J’aimais et je détestais cette histoire en même temps. J’aurais préféré qu’il ne soit pas un héros et toujours avec moi.
— Où on est ici ? lui demandai-je.
— Dans une base secrète. Il y en a plein dans la galaxie. Il faut être prudent. Si on se fait attraper…
Elle faisait semblant de se faire tirer dessus et s’allongea par terre, comme morte. Je la regardais. Elle était jolie. Un peu folle, mais jolie. Elle fermait les yeux et ne bougeait plus. Elle me fit sursauter en se relevant soudainement.
— Comment il s’est fait avoir ?
— Je ne sais pas. J’ai reçu un appel silencieux… Personne. Puis Kerbi a décollé. C’était les ordres.
— Un code INF peut-être.
— Quoi ?
— C’est un vieux protocole pour passer des messages silencieux.
— Comment tu sais ça ?
Elle tapota une nouvelle fois sur l’écran de son ordinateur.
— Moi, je ne veux pas vendre des médicaments, dit-elle. Je veux être espionne. Tu as vu comme je me débrouille !
Elle se moquait de moi en me pointant du doigt. J’avais fait son premier succès.
— Tu saurais décoder ce message ? lui demandai-je.
— Je n’ai pas ce programme, mais on doit pouvoir le trouver. Où est le massage ?
— Dans la mémoire de Kerbi. Mais si c’est ça, pourquoi elle ne l’a pas compris ? Elle se dit la meilleure.
— Je ne sais pas. Faut demander à ton intelligence artificielle.
J’observais la carte rangée dans l’armoire.
— Il faut la remettre, affirmai-je.
— Donne !
— Ce n’est pas dangereux ?
— Pas si ton IA se tait.
— Ne t’inquiète pas, je vais arranger ça !
Je savais comment la coincer si elle n’obéissait pas. Mana s’empara de la carte et courut jusqu’à la cabine de pilotage. J’avais du mal à la suivre. Quand j’arrivai, elle initialisait déjà le système.
— Henri, qu’est-ce que tu fais là ? demanda Kerbi.
— Repasse-moi le message de papa !
— Mais tu devrais être à l’école.
— Capitaine ! Je crois que tu ne mérites plus ce titre.
— Pourquoi ?
— Tu es passée à côté d’un message codé.
— Ça m’étonnerait !
— Fais-nous entendre le message de papa !
Elle ne se fit pas prier une deuxième fois. Nous n’entendîmes que du silence.

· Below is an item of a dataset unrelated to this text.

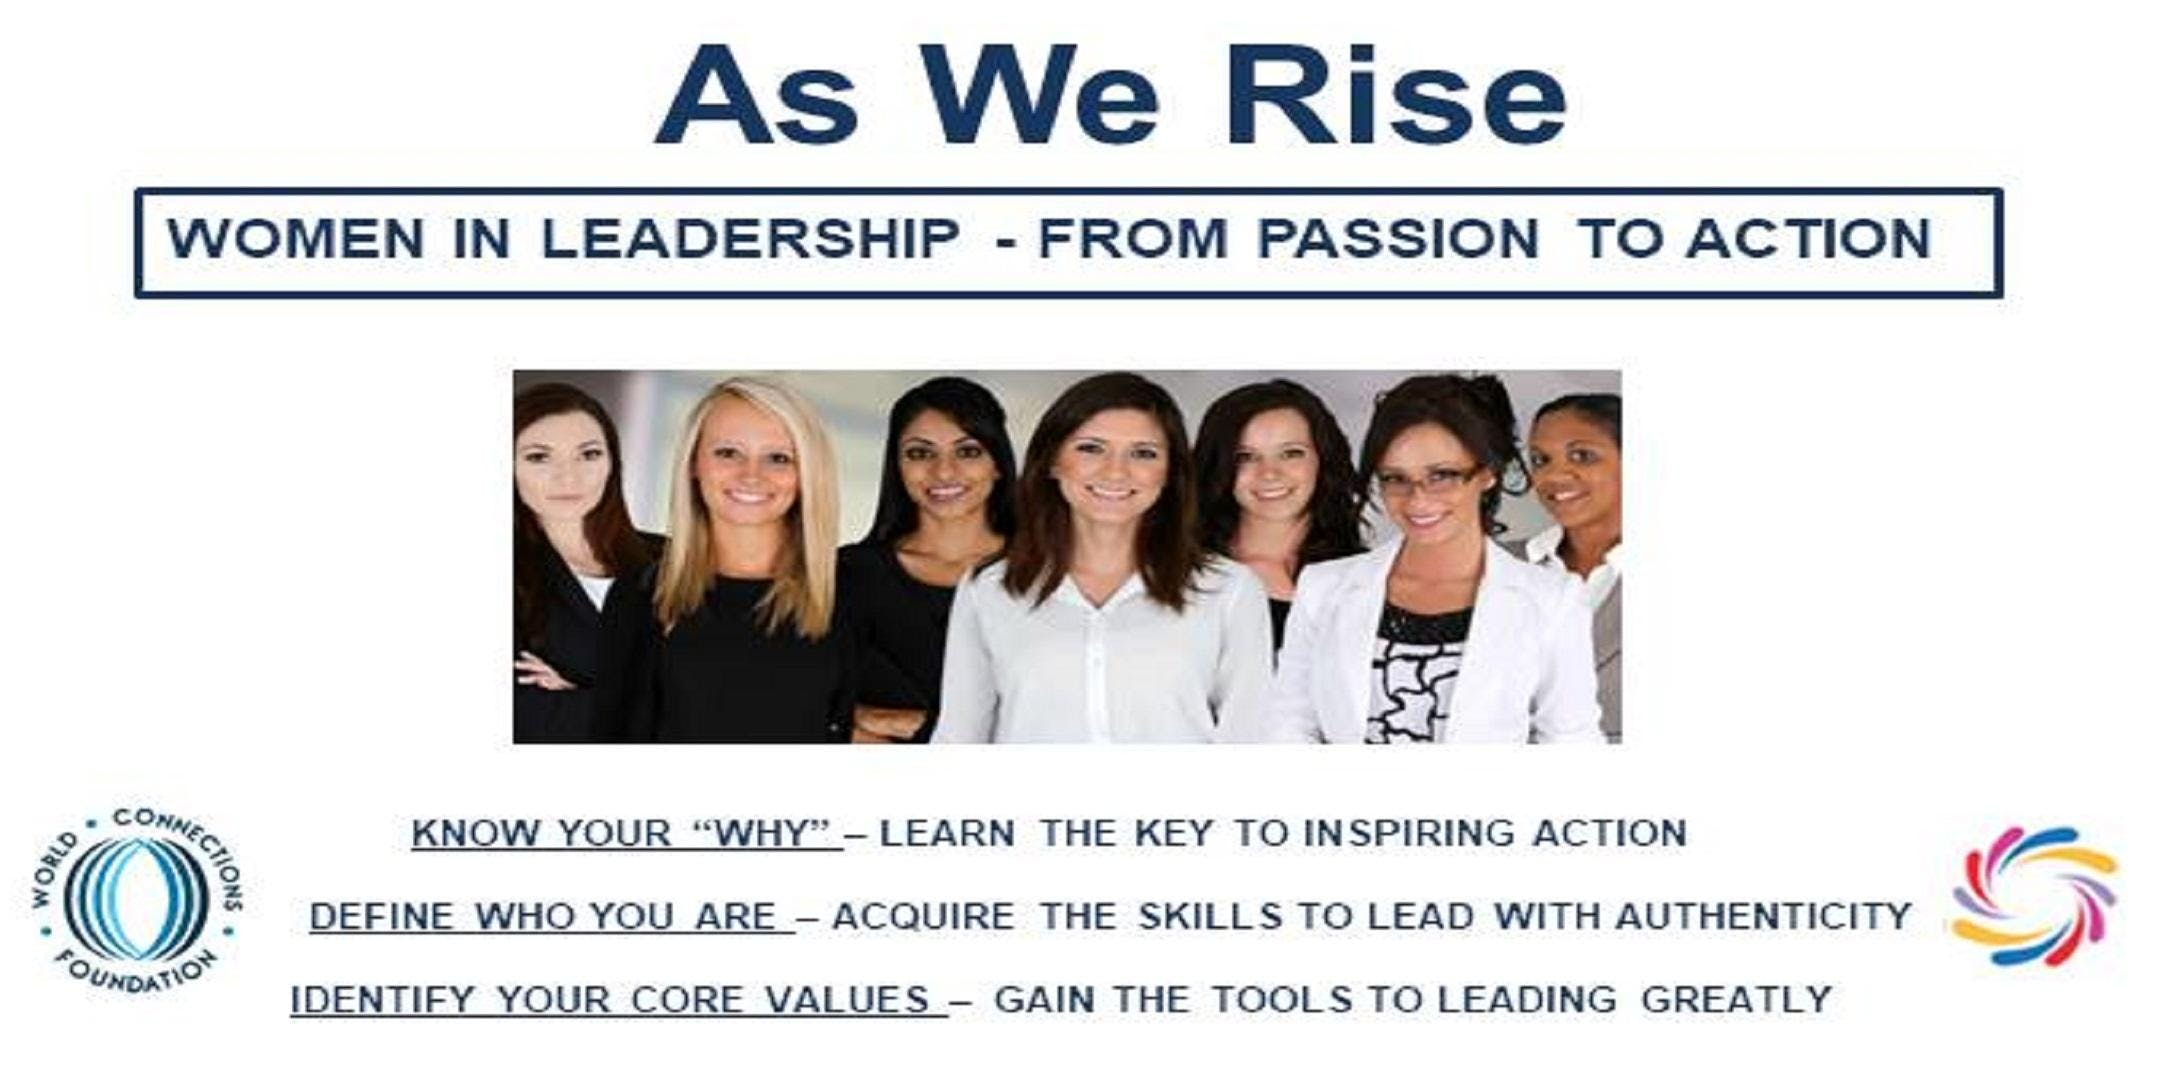 As I Rise Women's Leadership Seminar

— Lance un décodage INF ! commanda Mana.
— Qui tu es pour me donner des ordres ?
Kerbi était agacée, mais sa voix était toujours posée.
— C’est une future espionne de la Fronde, alors fais ce qu’elle te demande, s’il te plaît !
— J’ai été désactivée à peine quelques minutes, mais j’ai l’impression qu’il s’est passé beaucoup de choses.
— En effet ! lançai-je, sûr de moi.
— Je ne possède pas le programme de décodage INF.
— Comment ? Toi ? Capitaine Kerbi. Tu n’es pas la meilleure, comme tu le répètes ?
— C’est un vieux protocole. Je…
— Et tu n’y as même pas pensé ? la coupai-je.
— En fait, j’avais des ordres et…
— Kerbi ! Papa est sans doute coincé quelque part. Il nous a envoyé un message et tu l’as abandonné !
— Je ne pouvais pas savoir. Je ne suis pas programmé pour conjecturer.
— Ne sois pas trop dur ! intervint Mana. Nous avons le message. Il nous manque juste le code de décryptage.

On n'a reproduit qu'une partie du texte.